As a result, these investors are increasingly diversifying their portfolios, seeking alternative opportunities that promise greater returns. One such alternative is a relatively new altcoin currently in its presale stage, showing remarkable potential for growth.
XRP’s recent performance has been largely influenced by the SEC’s appeal against Ripple. The appeal challenges a previous court ruling that found Ripple’s token sale to be legal in certain contexts.
This regulatory uncertainty has prompted Ripple whales to decrease their holdings in XRP, leading to a decline in investor confidence. Many are shifting their focus towards projects that offer clearer paths to profitability and growth.

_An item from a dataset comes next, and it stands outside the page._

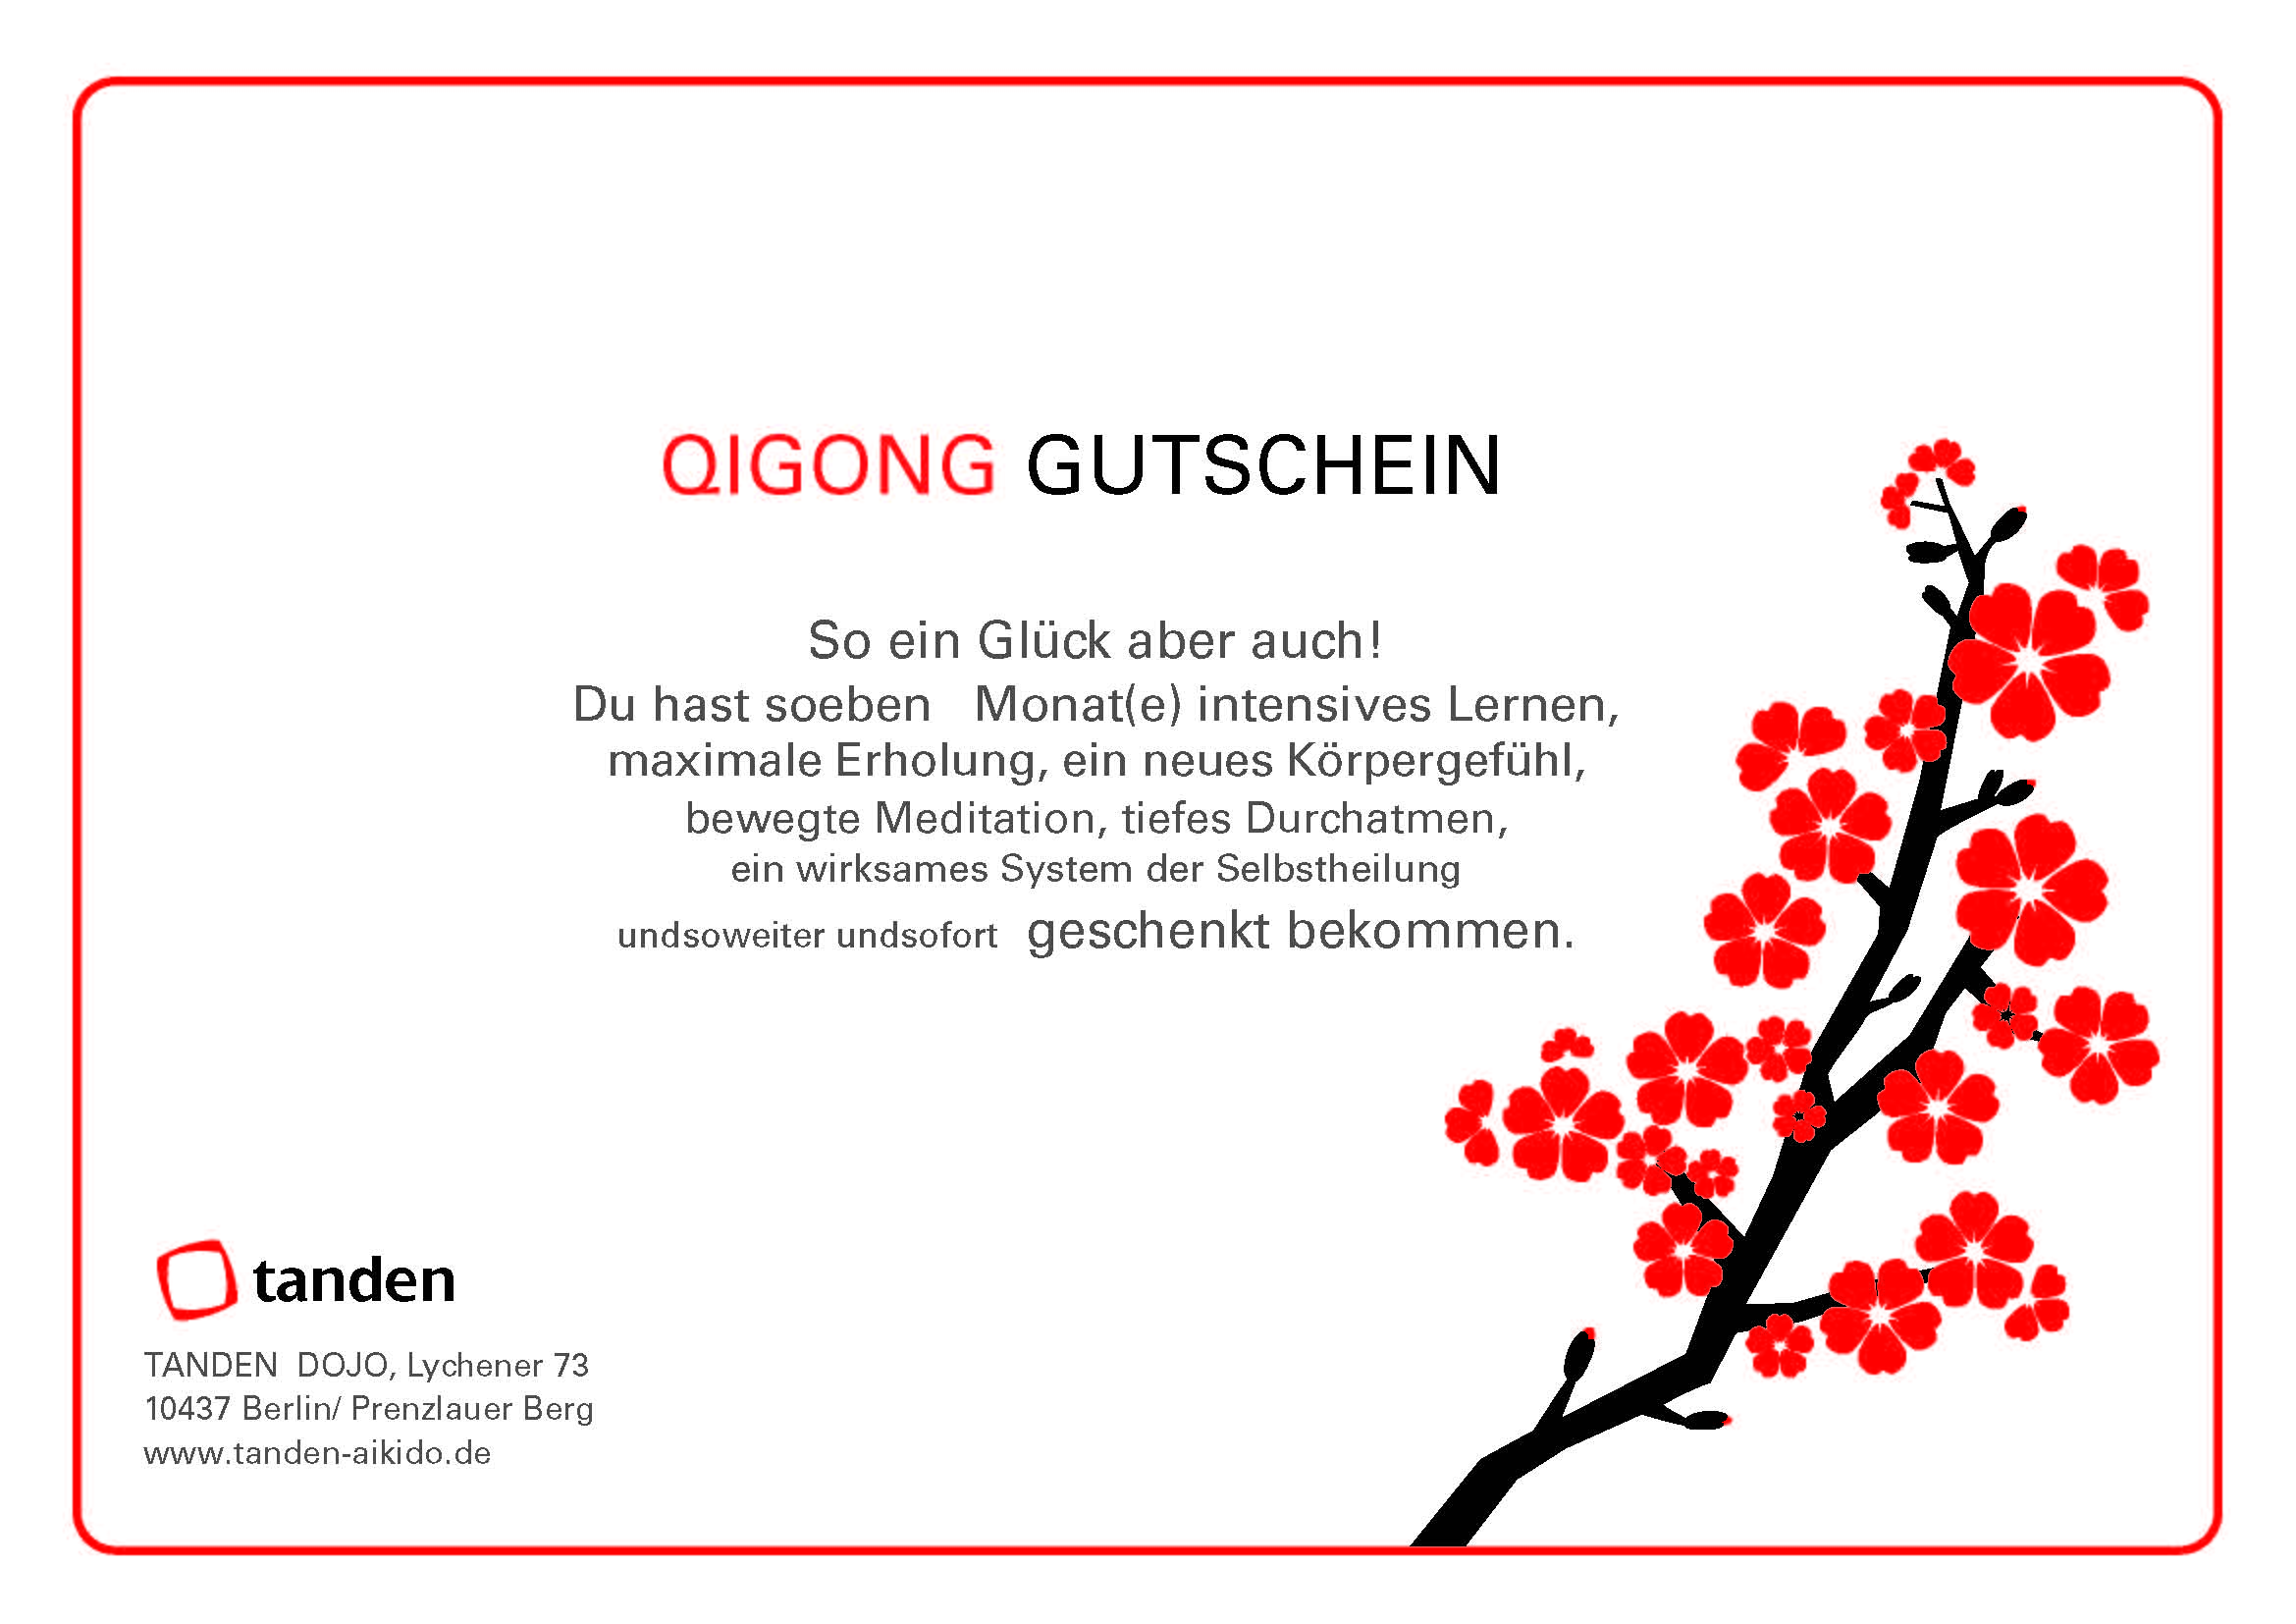 Gutschein Qigong - Tanden Dojo Berlin

Nevertheless, amidst these market shifts, XRP price remains bullish, trading at approximately $0.5430, reflecting a nearly 2% increase on Monday.
However, technical analysis indicates potential downward trends, with predictions suggesting that XRP may see further losses of up to 7%.

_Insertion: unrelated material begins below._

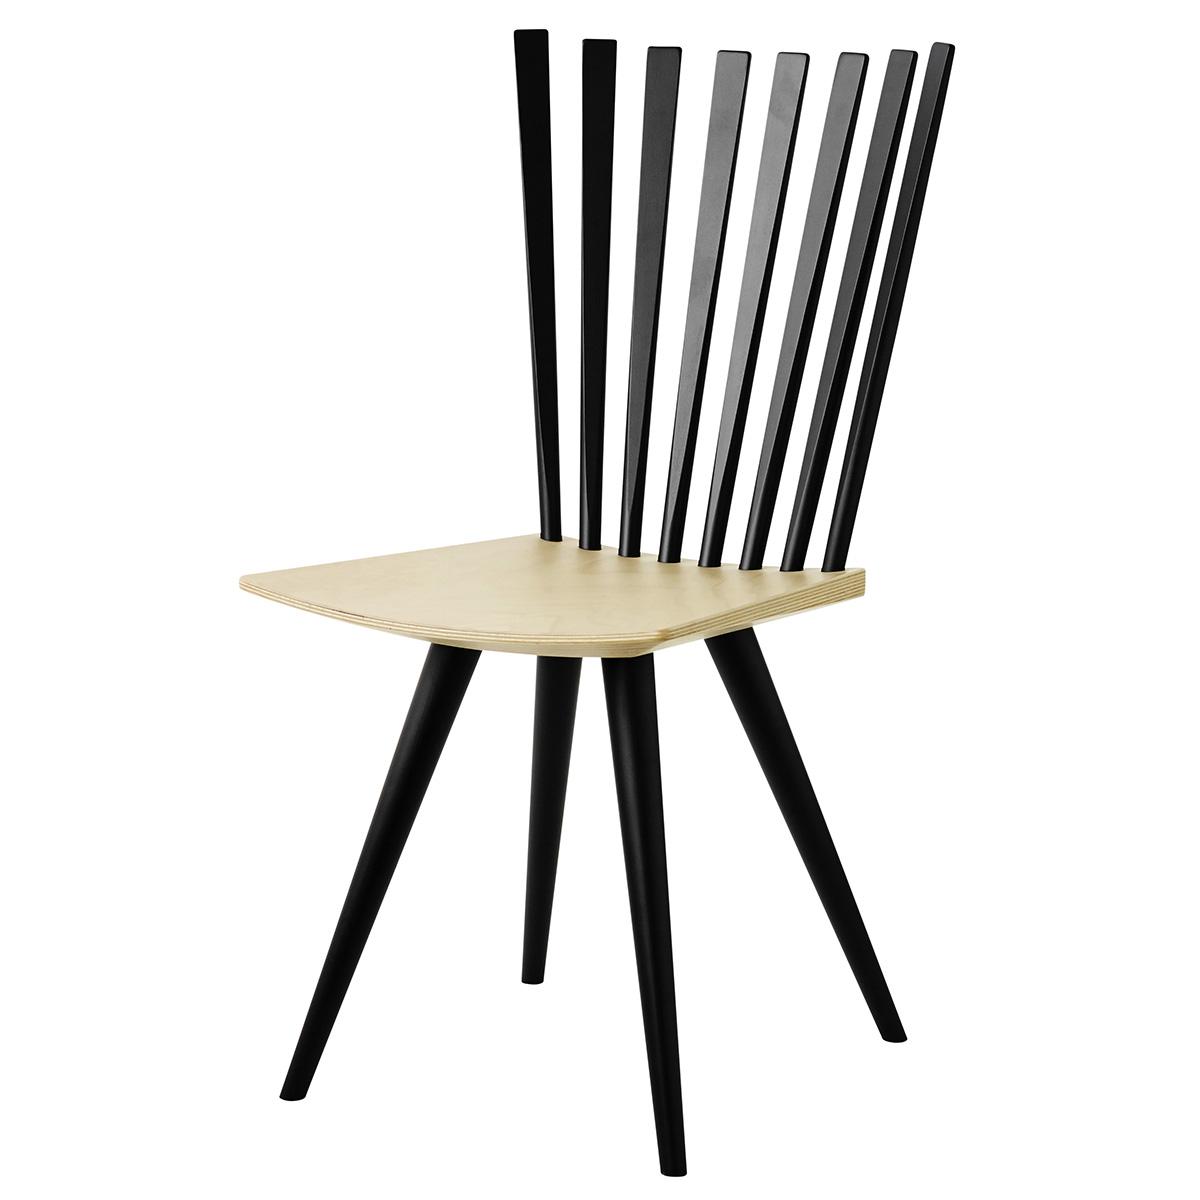 Image of   Foersom & Hiort-Lorenzen stol - Mikado J152 - Sort/natur

But this has kept traders and investors from scrutinizing other cryptocurrencies that promise robust returns.
RCO Finance (RCOF), a new altcoin, has caught the attention of Ripple whales seeking to diversify their investments away from XRP.
Currently in its second presale stage, RCOF has experienced a remarkable surge of 169%, rising from its initial price of $0.01275 to its current price of $0.0344. The next presale stage is expected to push the token’s price to approximately $0.05588.
According to the presale projections, the RCPF token is expected to experience an astounding rise of over 1,644% when it reaches its expected listing price of between $0.4 and $0.6.
This presents an attractive opportunity for investors looking to capitalize on the anticipated surge following its public listing and the launch of its innovative platform.
The momentum behind RCOF is fueled by its foundation as the native token of RCO Finance, an AI-powered decentralized trading platform poised to revolutionize how individuals approach investment.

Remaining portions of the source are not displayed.